In summary, serum GM, serum BDG, and fungal culture have insufficient sensitivity for the diagnosis of IPA in patients with respiratory diseases. Sputum-based GM and LFD tests hold promise as rapid, sensitive, economical, and non-invasive alternatives to BAL GM in clinical practice.

Acknowledgements

We thank all the respiratory technicians, research nurses, and laboratory staff who participated in patient enrollment, sample collection, and test performance.

Funding

This study was supported by grants from Sichuan Science and Technology Program (No. 2019YFS0231), 1.3.5 project for disciplines of excellence, West China Hospital, Sichuan University (No. 2018-119), and the National Natural Science Foundation of China (No. 81870014).

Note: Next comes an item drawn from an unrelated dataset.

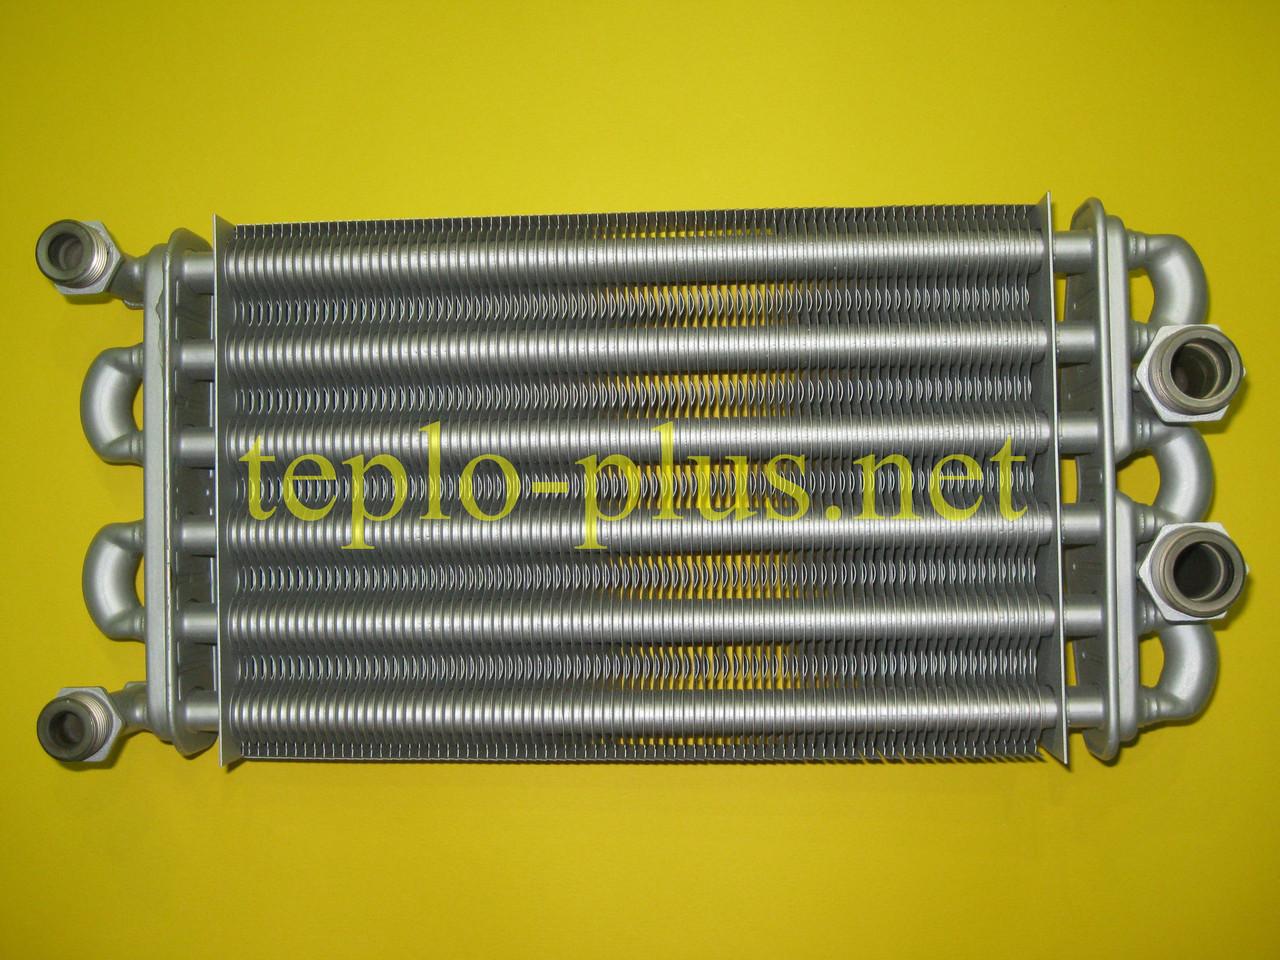 Теплообменник битермический 998619 Ariston TX 23/27 MFFI/MI, Т2 23/27 MFFI/MI

The funders had no role in study design, data collection, and interpretation, or the decision to submit the work for publication.

Conflicts of interest

JJF received grant funding from the Thousand Talents Program of Sichuan Province and the National Natural Science Foundation of China. LLC reports a grant from the Sichuan Science and Technology Program. PGG reports grants from AstraZeneca and GlaxoSmithKline and has received speaker fees from AstraZeneca, GlaxoSmithKline, and Novartis, outside the submitted work. XMD has received conference speaker fees paid by Hanzhong Medical Association, outside the submitted work. JYQ has received speaker fees from Pfizer Pharmaceuticals Ltd and Chengdu Medical Association, outside the submitted work. JJF, WX, DYG, and BM report a patent (ZL 2017 1 0428772.9) on simultaneous detection of TAFC and bmGT in sputum licensed to West China Hospital of Sichuan University by the State Intellectual Property Office in China. All other authors declare no competing interests.